Background: Childhood asthma remains underdiagnosed in general practice. Computers with a patient interface have the potential to screen children for asthma in a time-efficient manner.
Aim: To develop a concise, validated self-report measure that calculates an 'asthma score' that predicts likelihood of asthma and its severity in childhood.
Design Of Study: Computerised questionnaire survey in general practitioners' (GPs') waiting rooms, followed by a written questionnaire and either bronchial challenge or skin allergy testing at the regional teaching hospital.
Setting: Children between 18 months and 18 years old accompanied by a parent or guardian in five group practices in Newcastle in New South Wales, Australia.
Method: The responses from both the computerised questionnaire and the written questionnaire were compared with physician assessment of asthma, based on an existing validated questionnaire and clinical tests.

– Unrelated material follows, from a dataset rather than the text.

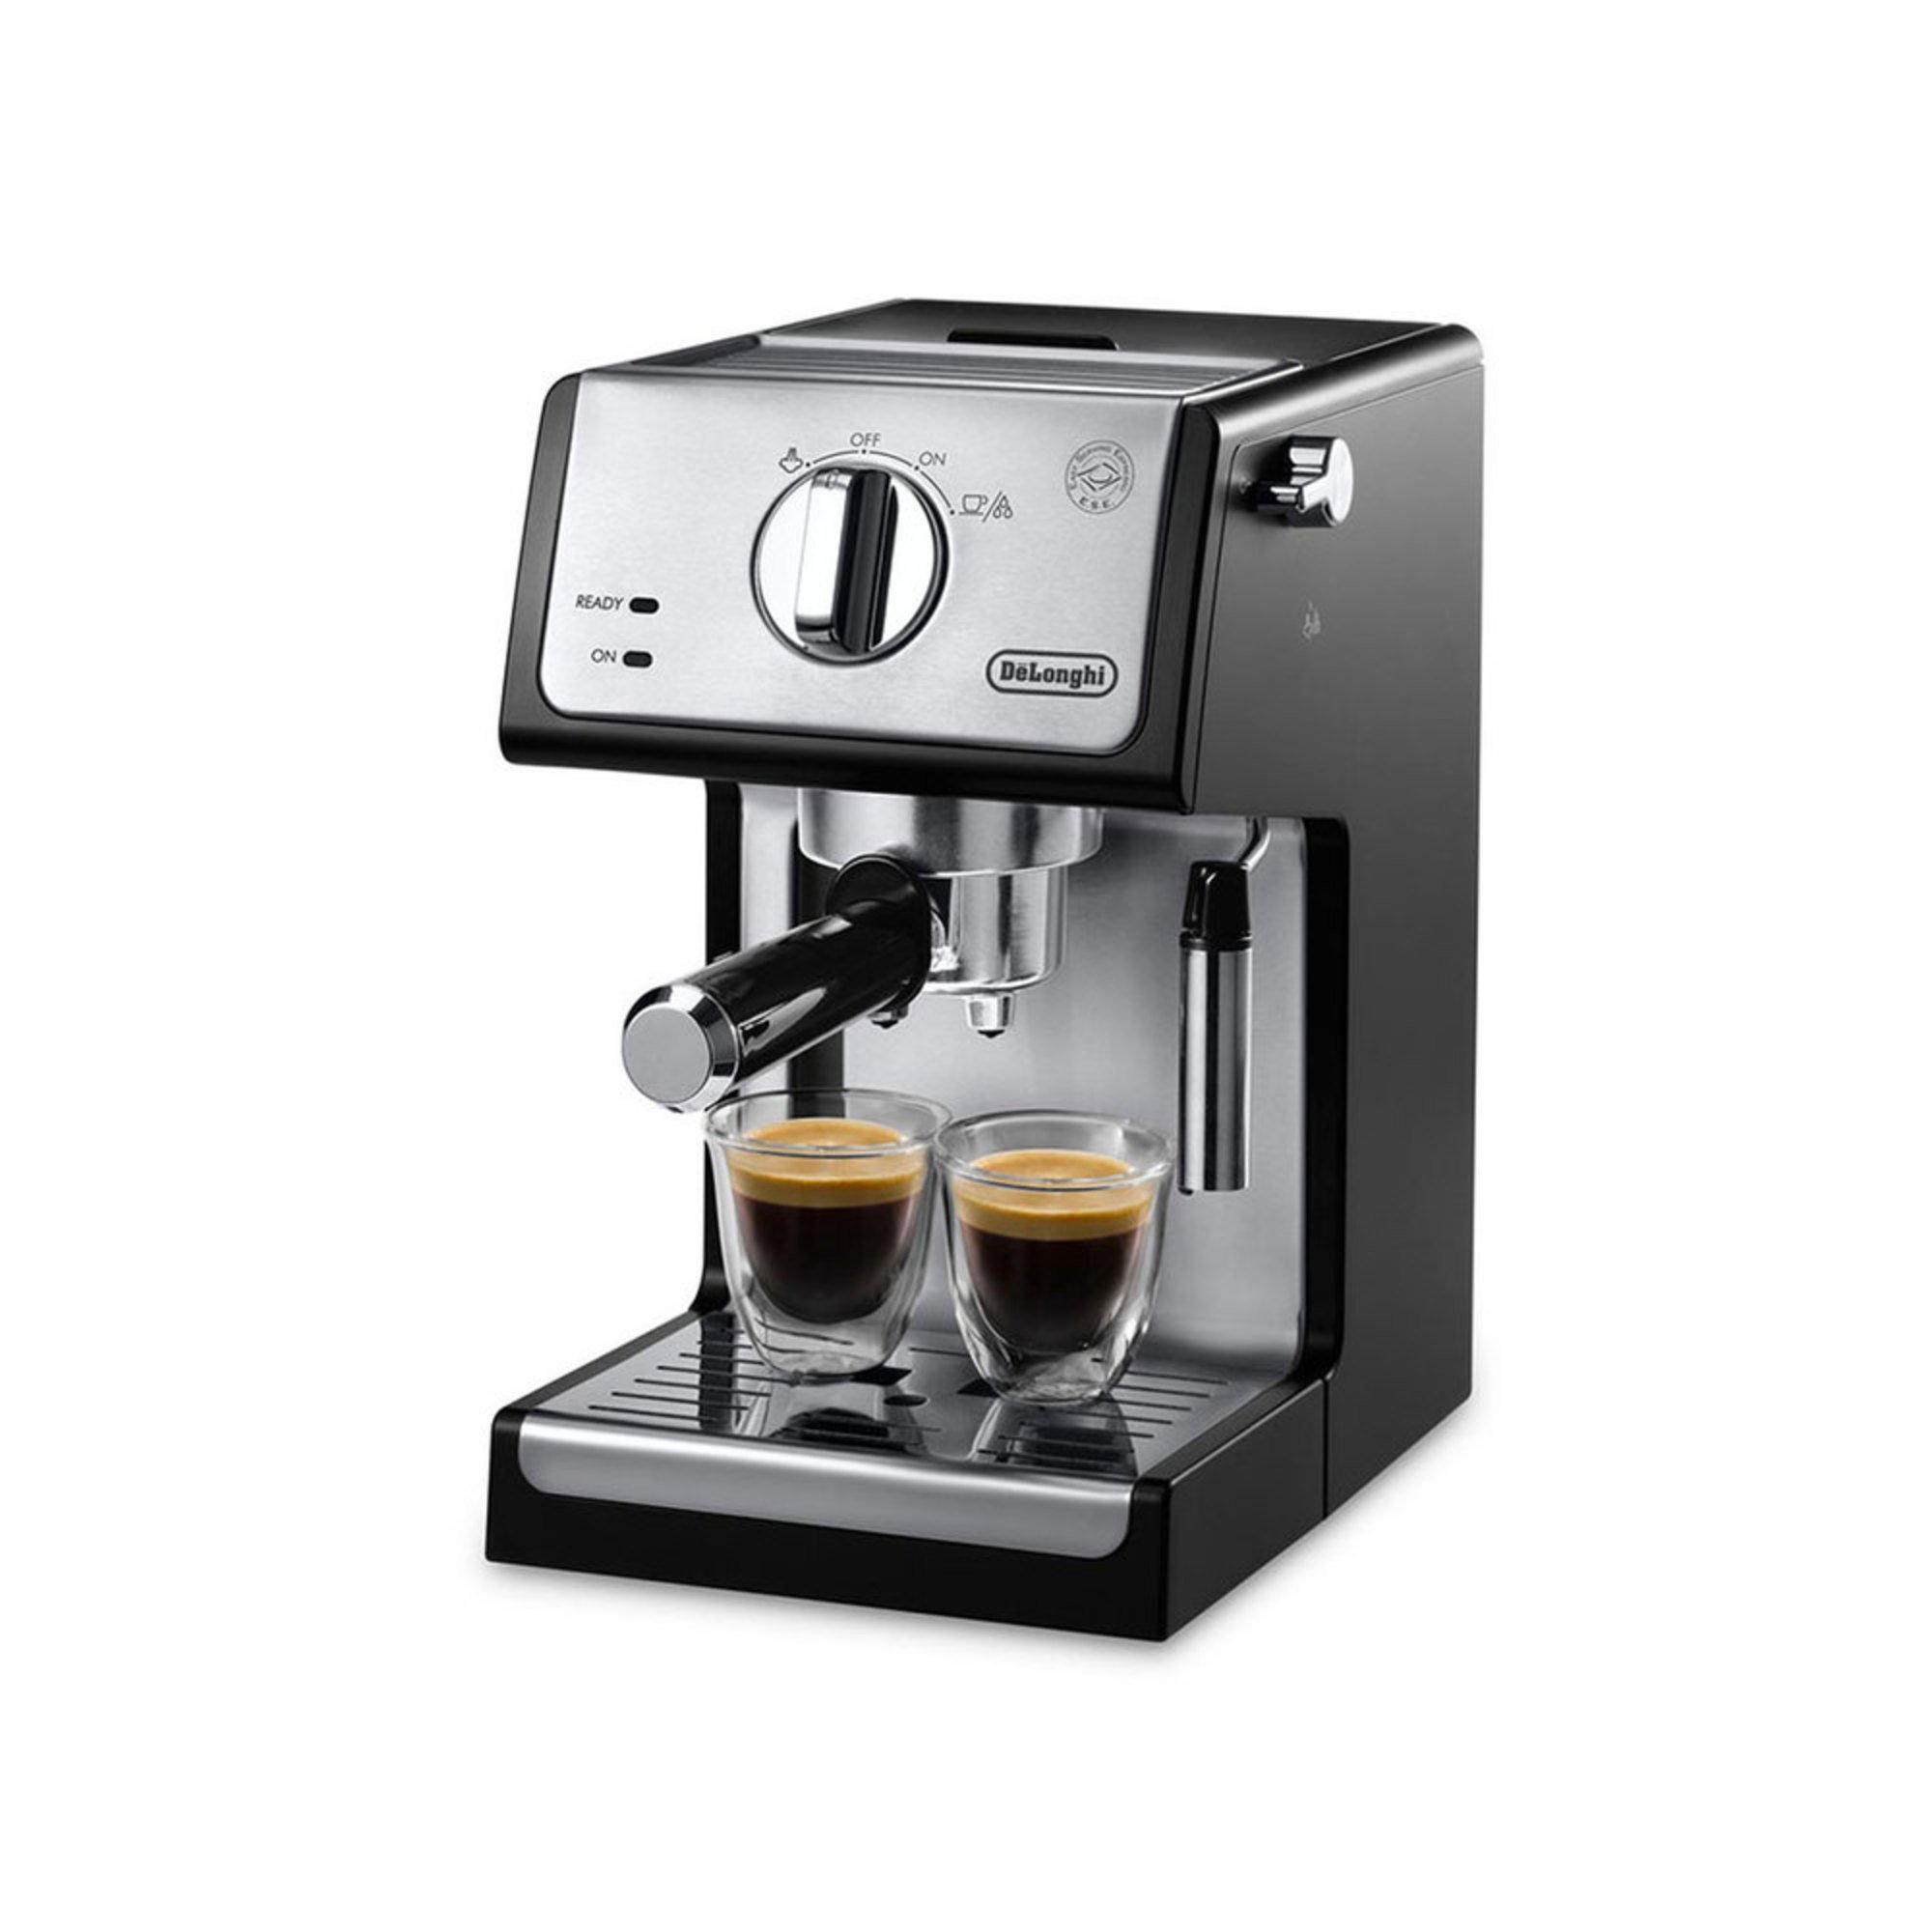 Delonghi Coffee Maker Official Site : De longhi 15 Bar Pump Coffee & Espresso Maker (ecp3420) Coffee Makers For The Home - Shop ...

Results: Six items were identified to be independently and significantly associated (at P < 0.05) with the presence of asthma and its severity: parent or self-reported asthma, previous diagnosis, wheeze in the past year, physical activity affected by symptoms, night cough in the past year, and visits to a GP in the past year. From the regression model a linear score was derived that indicates whether a child is likely to have asthma and its likely severity.
Conclusions: The asthma score is a valid indicator of asthma and its severity in children in general practice.